◆ **ASSIGNMENT**: Copy, exactly as written, the lines that begin at the one containing "A complete backup" and end at the one containing "2-bedroom villa with private pool". Skip any pictures in the data below.

◆ **SOURCE RECORDS**:
········

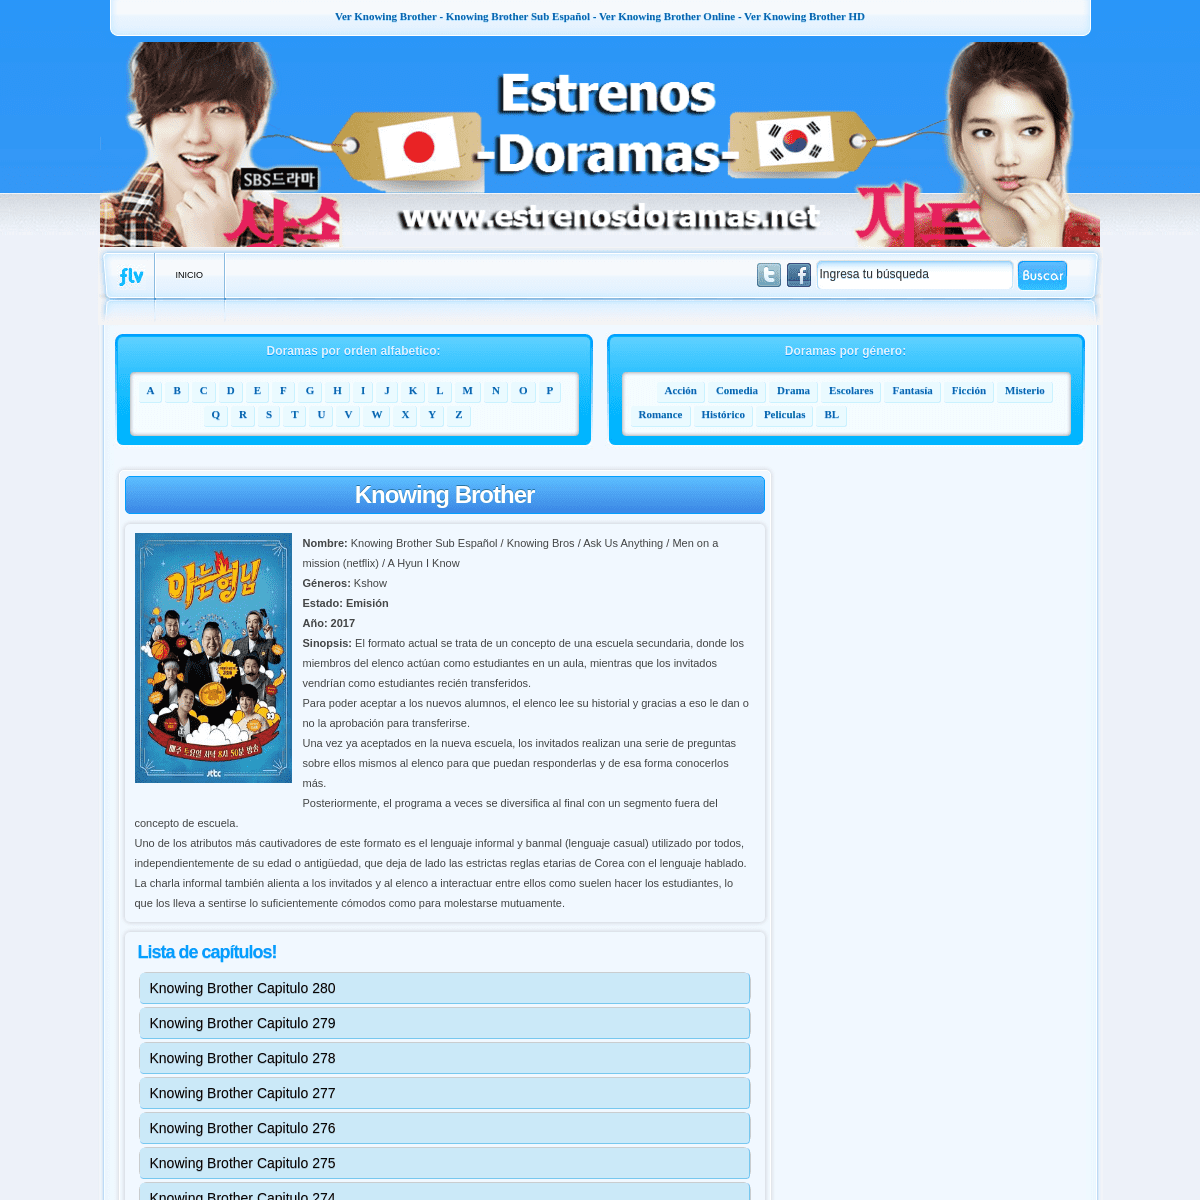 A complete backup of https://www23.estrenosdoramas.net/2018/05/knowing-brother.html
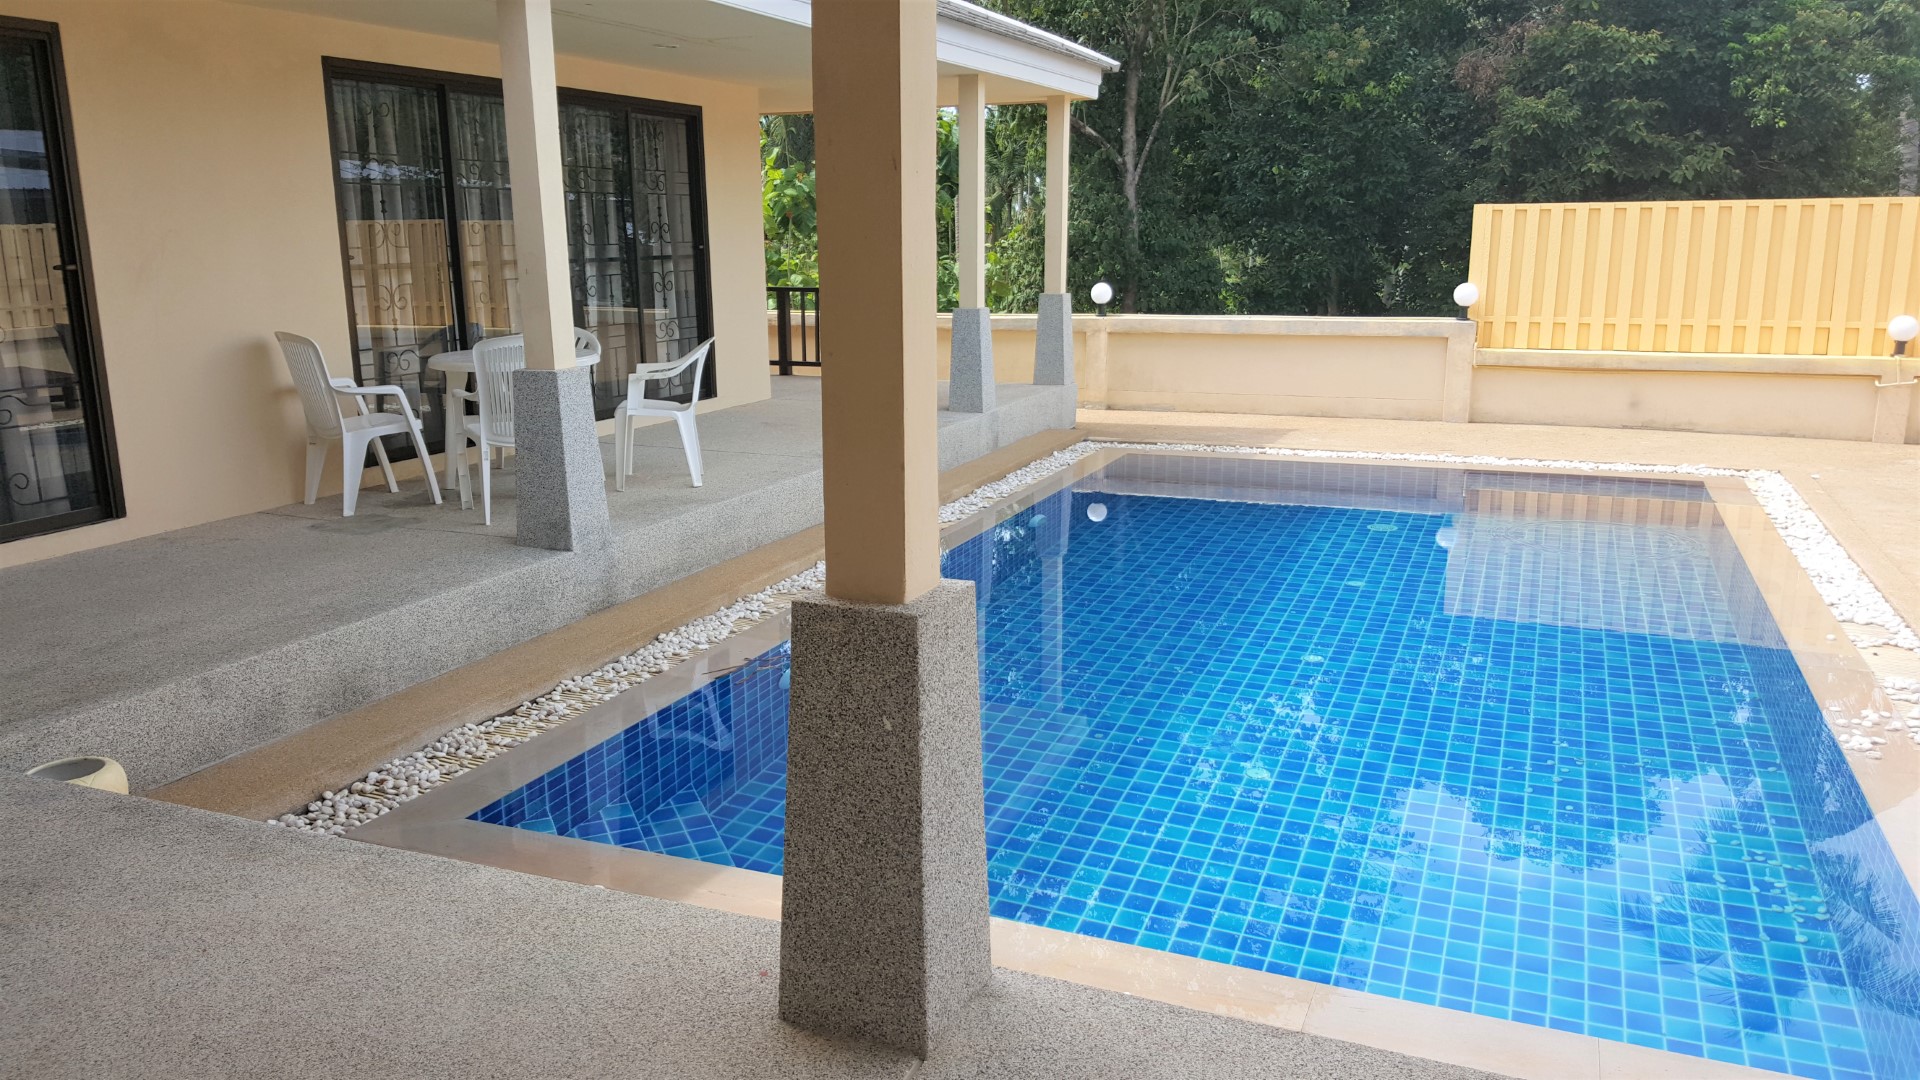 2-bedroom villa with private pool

········

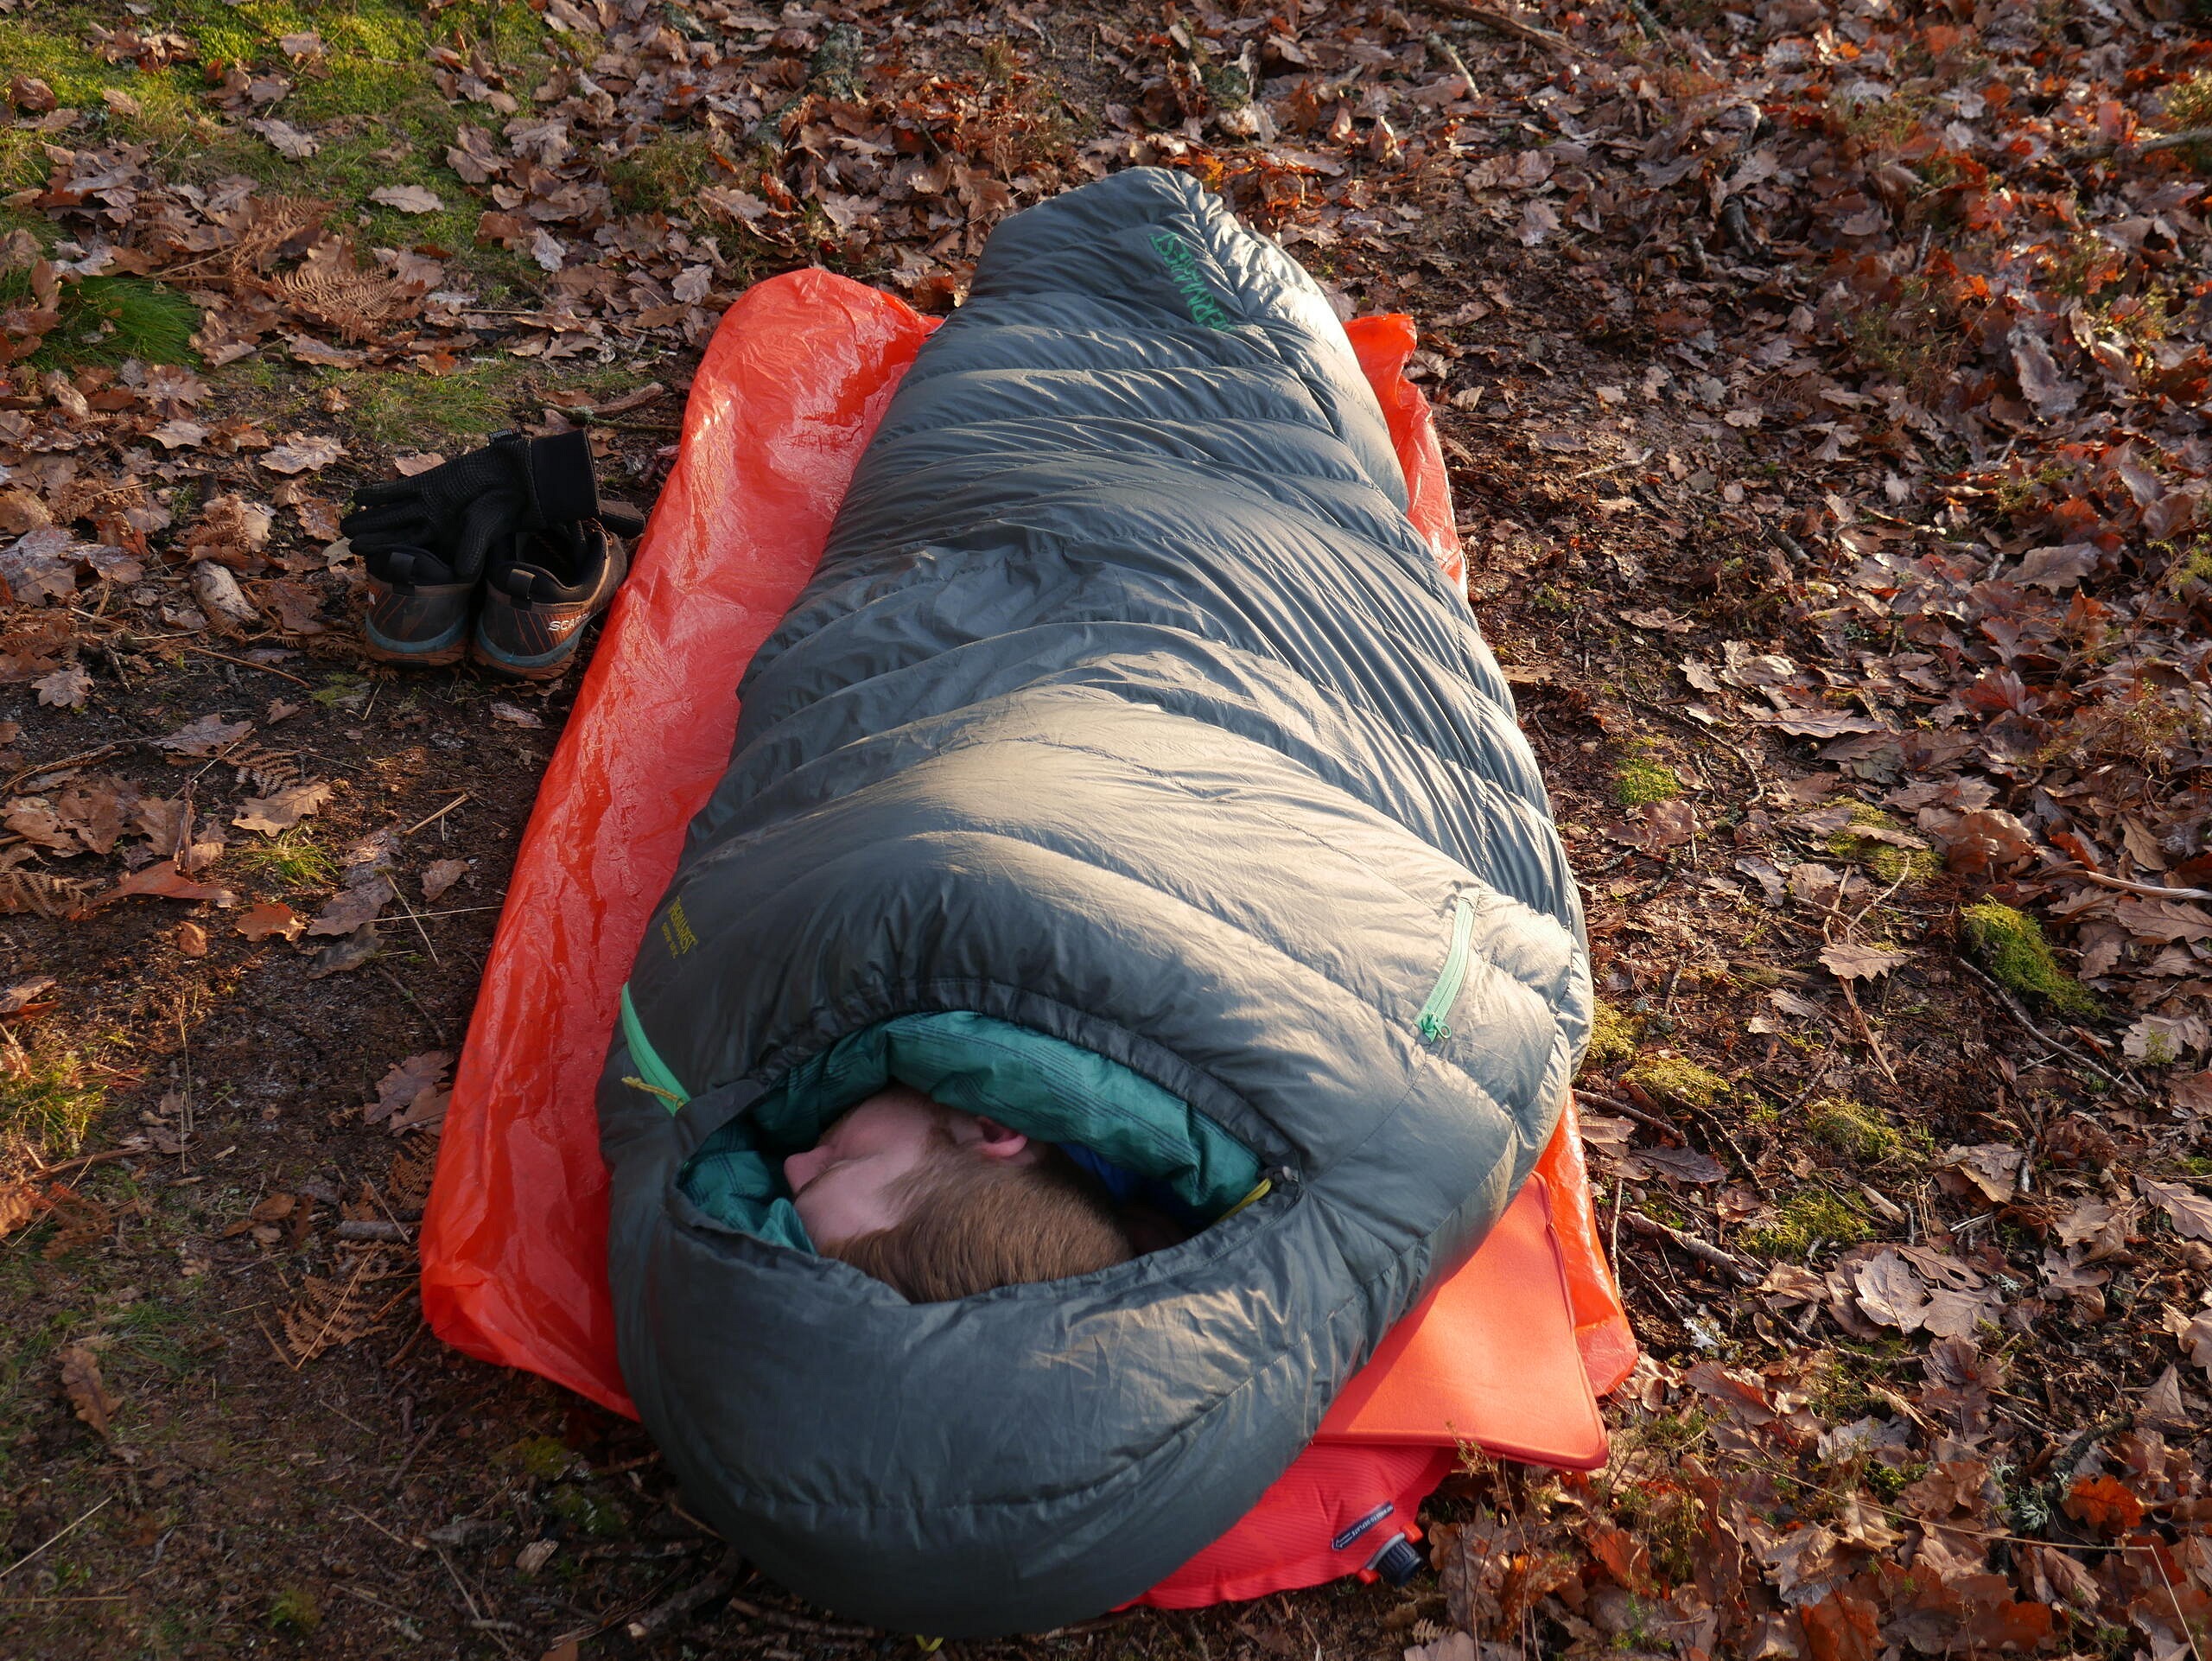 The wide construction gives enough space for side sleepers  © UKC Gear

········

◆ **COMPLETED TASK**:
 A complete backup of https://www23.estrenosdoramas.net/2018/05/knowing-brother.html
 2-bedroom villa with private pool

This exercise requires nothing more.